Others reporting Thursday include McDonald’s Corp. and Morgan Stanley & Co.
“In the past couple of days, the U.S. earnings season has enabled investors shrug off the euro woes and budget deficit concerns that dogged the early part of the week,” said Yusuf Heusen, senior sales trader at IG Index.
“Intel’s strong figures yesterday, followed closely by Apple’s blockbusting results, seem to have ignited risk appetite once more and investors will be looking for more of the same before the Easter break,” Heusen added.
In Europe, the FTSE 100 index of leading British shares was up 0.1 percent at 6,028 while Germany’s DAX rose 0.7 percent to 7,298. The CAC-40 in France was 0.4 percent higher at 4,021.
Wall Street was poised for a third day of gains following Monday’s retreat when investors were spooked by Standard & Poor’s warning that the U.S. faces a one-in-three chance of having its triple A credit rating downgraded. Dow futures were up 0.4 percent at 12,447 while the broader Standard & Poor’s 500 futures rose 0.5 percent to 1,335.
Buoyant stock markets are an indication of heightened investor appetite for risk. That affects other markets too and in the currency markets the euro and the Australian dollar were the big gainers as investors looked for better interest rate returns instead.
“Monday is a distant memory and markets have shifted from shunning risk into the upcoming holiday period to assuming as much of it as they can,” said Robert Ryan, a foreign exchange strategist at BNP Paribas.
The euro was up another 0.9 percent at $1.4633 by late morning London time, a little shy of its earlier high of $1.4648, which is its strongest level since December 2009.
Despite occasional bouts of weakness, such as on Monday when the dollar _ perhaps surprisingly _ gained support from its widely-perceived status as a safe haven asset, the euro has been strong all year as it benefits from expectations that the European Central Bank will follow up this month’s first interest rate rise in nearly three years with more increases in the months ahead.
The Australian dollar was also in the spotlight, as it surged as investors flocked to so-called high yielding currencies.
Australia’s benchmark interest rate is much higher than the U.S., giving investors better returns, and it is likely to be increased further if world growth gains momentum.
At one point Thursday, the Australian dollar surged to $1.0741 on Thursday _ its highest level since it was floated in December 1983.
“There’s been a general rise in risk appetite, reflected not only in equities but in Asian currencies, which have strengthened as well,” said David Cohen , economist at Action Economics in Singapore.
Earlier in Asia, Japan’s Nikkei 225 index closed up 0.8 percent to 9,685.77 while South Korea’s Kospi index rose 1.3 percent to 2,198.54. Hong Kong’s Hang Seng ended 1 percent higher to 24,138.31, and mainland China’s Shanghai Composite Index rose 0.7 percent to 3,026.67.
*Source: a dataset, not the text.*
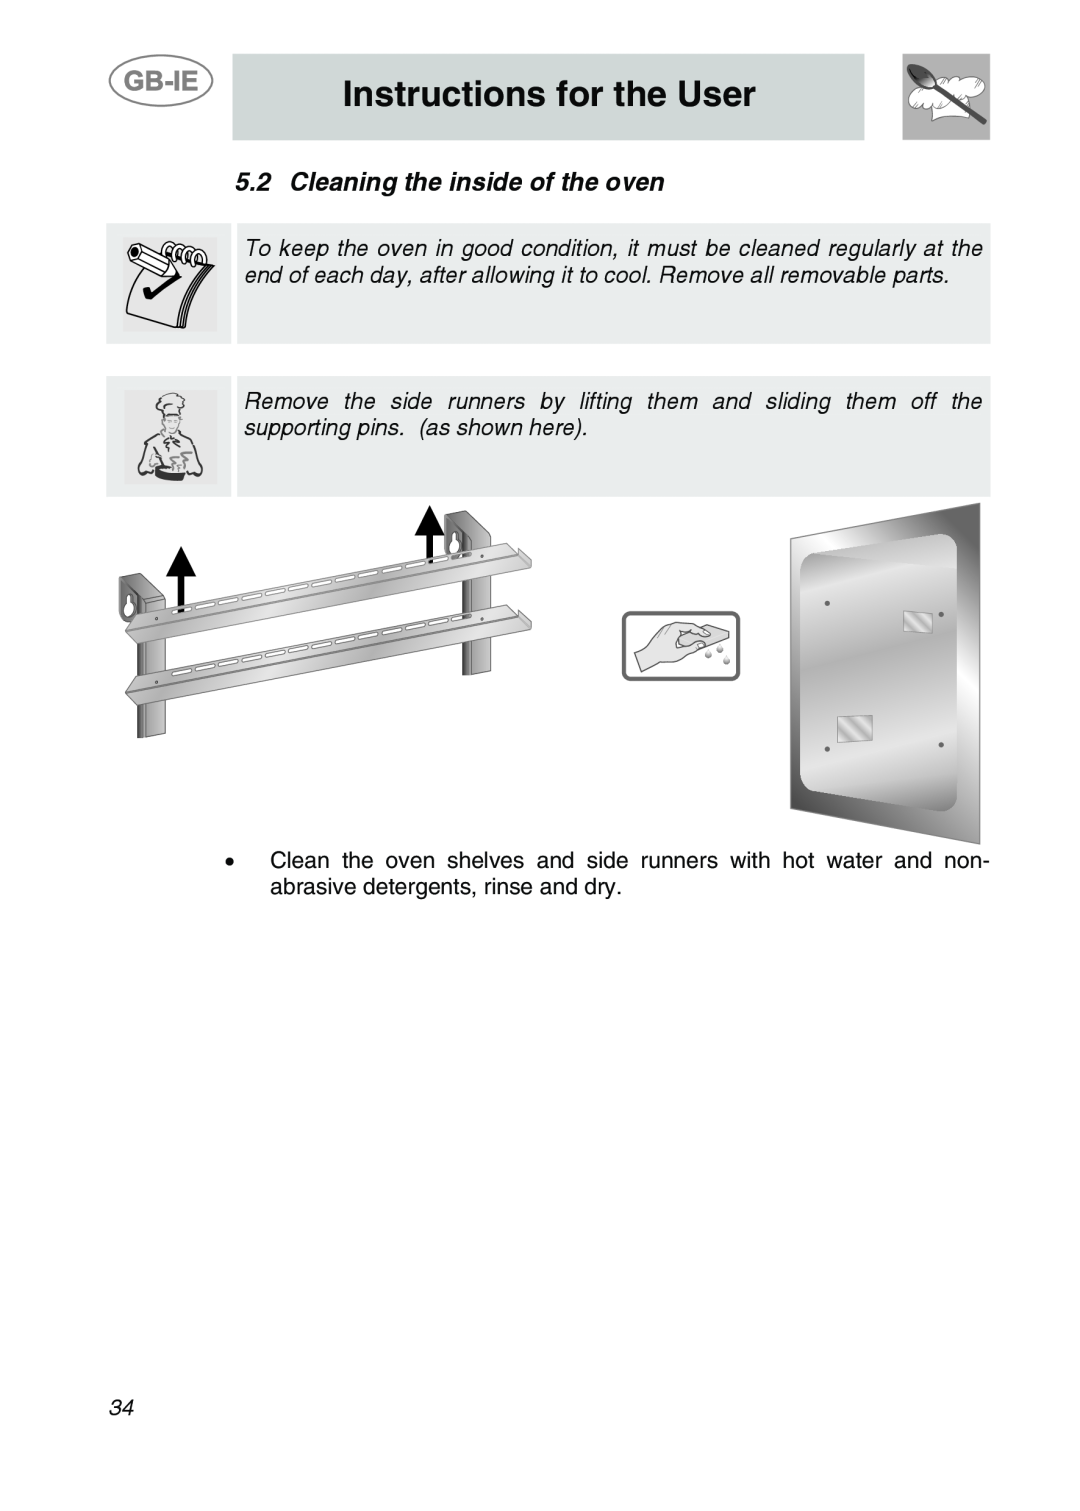 Smeg ALFA201XE manual Cleaning the inside of the oven, Instructions for the User, abrasive detergents, rinse and dry

In the oil markets, the focus remained on the fighting in Libya. Oil prices have increased 20 percent since the beginning of the year as investors anticipated rising global demand while unrest in North Africa and the Middle East threatened oil fields and shipping lanes vital to world supply.
Benchmark crude for June delivery rose 62 cents to $112.07 a barrel on the New York Mercantile Exchange. The contract rose $3.17 to settle at $111.45 on the Nymex on Wednesday.